Is protection against cyberattacks sufficiently prioritised now?

Hackers conducted their attacks in many ways in 2018, and 2019 will certainly be no exception to this. Sometimes it was an insufficiently secured server that became easy prey for cybercriminals, other times it was an elaborate phishing attack that fooled users. What all these cases had in common is that successful cyberattacks had grave consequences for those affected and often came at a high price.

Unfortunately, it appears that the alarms set off by attacks such as “WannaCry” have not been enough to result in appropriate IT security. Early last year, for example, all 200 British NHS trusts tested for cybersecurity failed – a clear indication that, despite all efforts up to this point, there does indeed remain a lot to be done.

GDPR has been in force since May 2018, manifesting a higher sense of priority that politicians placed upon data protection. Businesses now require a security strategy for their communications, since security breaches that violate data protection can result in severe financial penalties – another incentive to act and establish meaningful protection from cyberattacks. It is therefore no longer left up to the businesses’ discretion and moral stance on data protection whether they protect their data (inventory) or not.

But what is the main gateway for cyberattacks? Where is protection most urgently needed? The overwhelming majority of malware is transferred via e-mail; according to Verizon’s 2018 Breach Investigation report, it is a staggering 92 percent. With respect to attacks via e-mail, phishing is the most effective method for hackers, now executed in a more targeted way than ever before. Therefore, an increasing number of IT security experts consider phishing e-mails the biggest security threat they are forced to find an answer to.

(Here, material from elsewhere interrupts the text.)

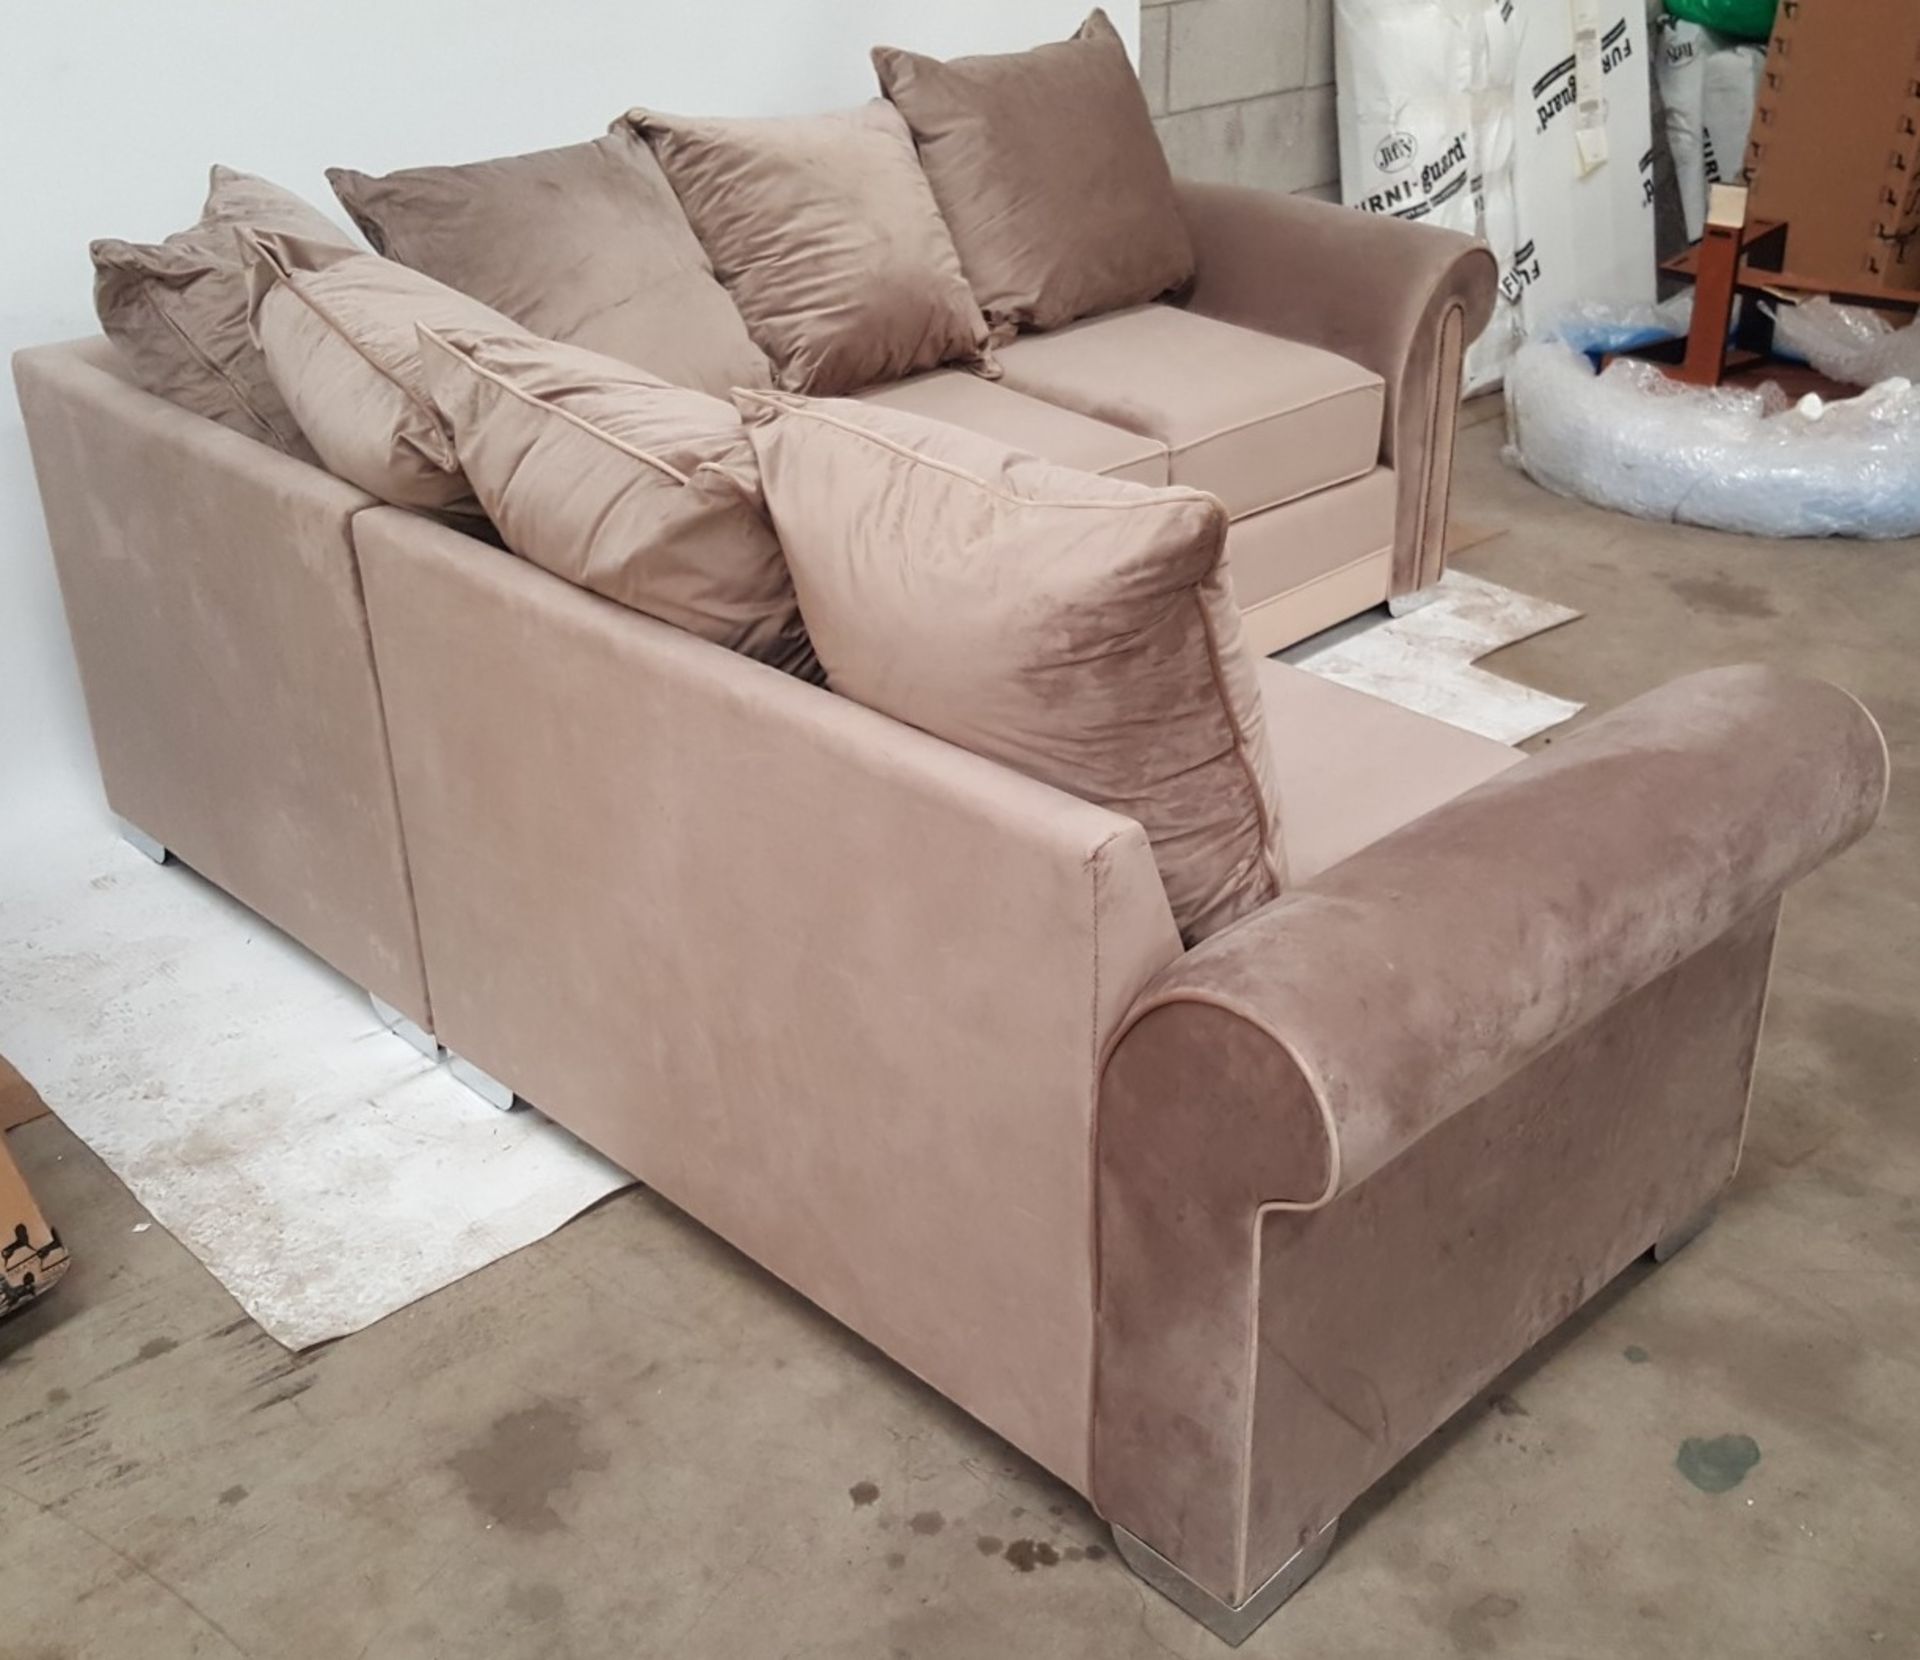 1 x Lavish Moroccan Brown Plush Velvet L-Shaped Corner Seater Sofa - Ref BY197 - Image 3 of 7
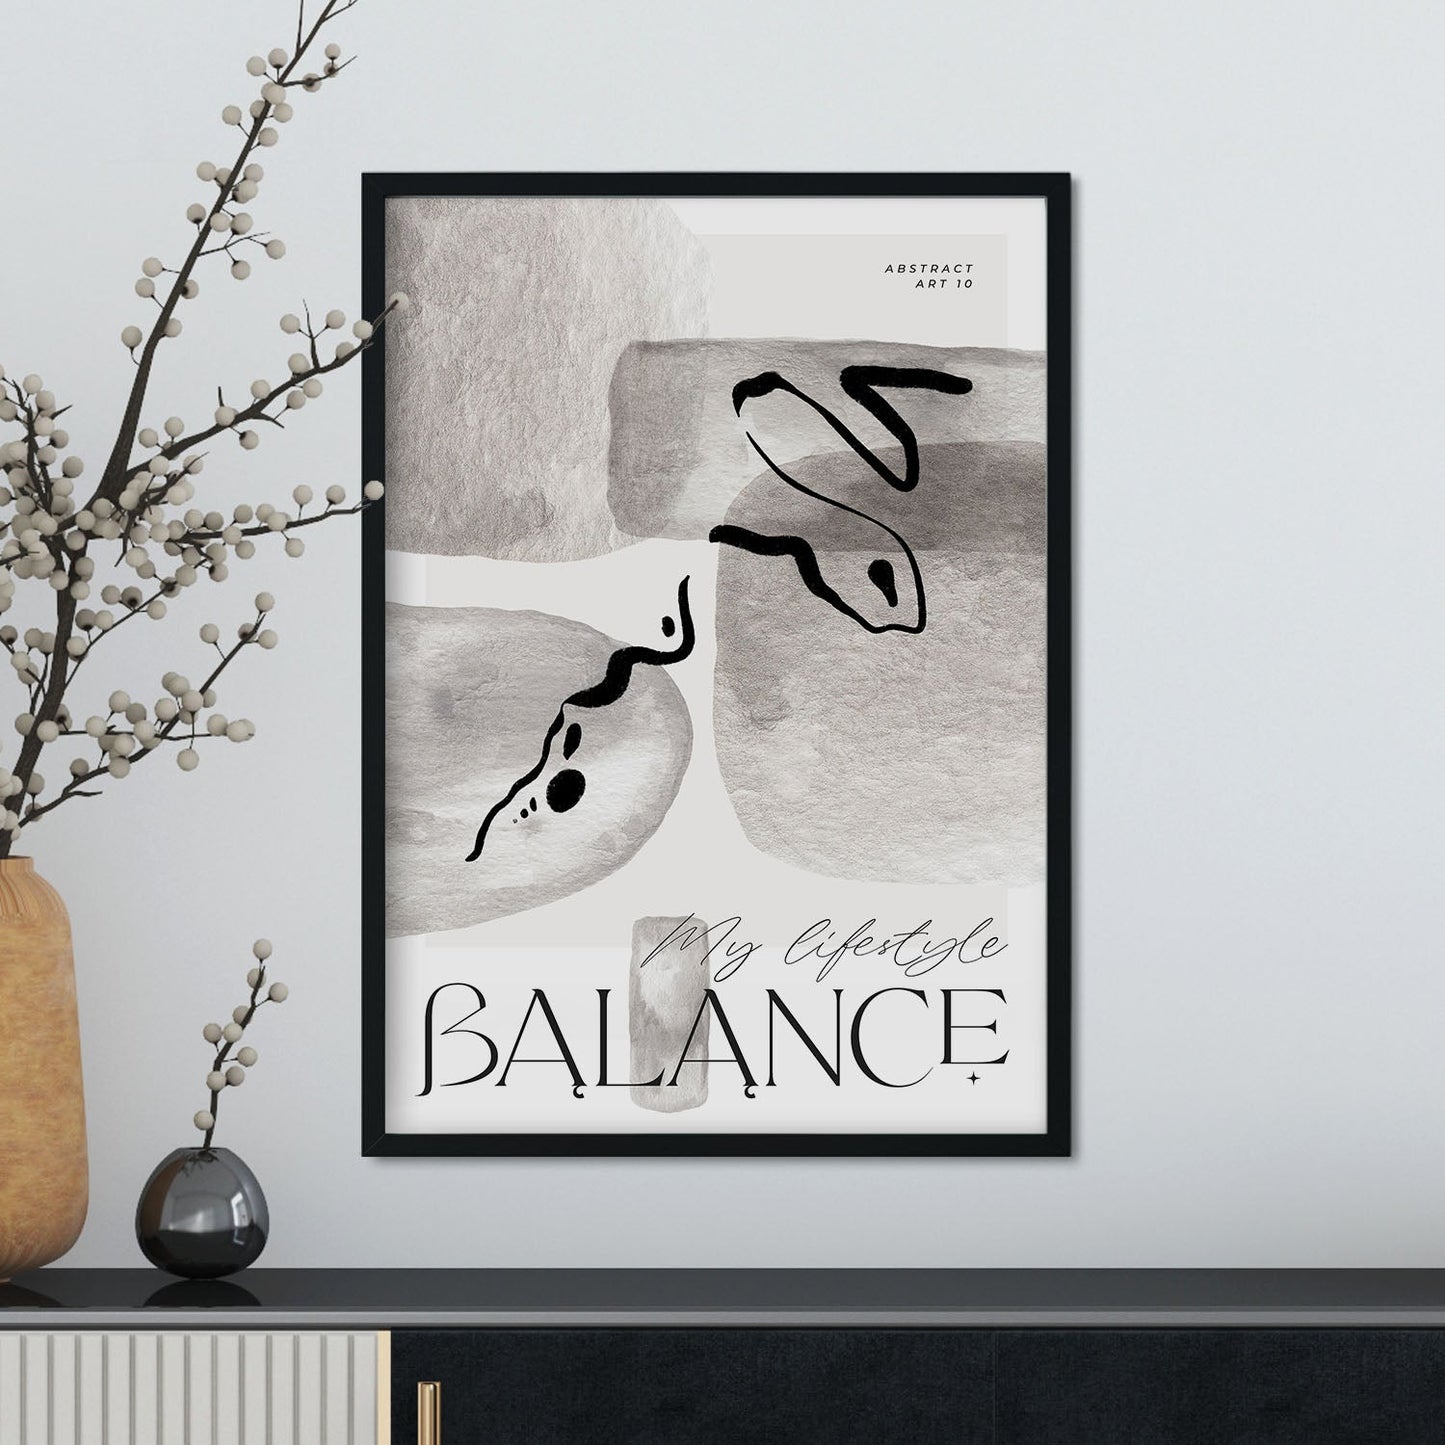 Balancer-Artwork-Nacnic-Nacnic Estudio SL

Secure your business communication!

All over the world, e-mail is an accepted standard for business communication. Unfortunately, this is also the case for the majority of cyberattacks, as they are very often initiated by hackers via e-mail as well. However, this can also be an advantage for users: If they secure their e-mail communication sufficiently, they have already averted a significant percentage of cyberattacks!

The first step in securing e-mail communication is encryption. This way, transferred content can only be read by its sender and intended receiver(s). With Cryptshare, this is ensured. Additionally, when using Crypthshare, there are no longer any file size limits. Files attached to e-mails are very frequently a rich source for hidden Trojans, as was the case with Fürstenfeldbruck hospital. With Cryptshare, this is a thing of the past. Attachments are separated from the e-mail, checked for malware, and then stored on a server for the recipient to download.

Ease of use is paramount for any communication solution, since even the best solution is useless if users do not apply it. Thanks to its seamless integration, Cryptshare can be used in familiar work environments and requires neither laborious training, nor is it time-consuming to use.

Finally, the most important factor for data protection is the users themselves. It is often human error that precedes the biggest data and security breaches – and such errors are not external threats but come from within. This is often underestimated and is particularly problematic as unintentional violations of IT security are significantly harder to prevent. Therefore, it is crucial to raise users’ awareness for IT security risks to empower them to identify cyberattacks early on and to eliminate human error as much as possible. Particularly when it comes to phishing attacks via e-mail, intensive training is indispensable. When users are informed about the risks and are also provided with the appropriate tools to conduct their business communication in a secure way, this results in effective protection against cyberattacks.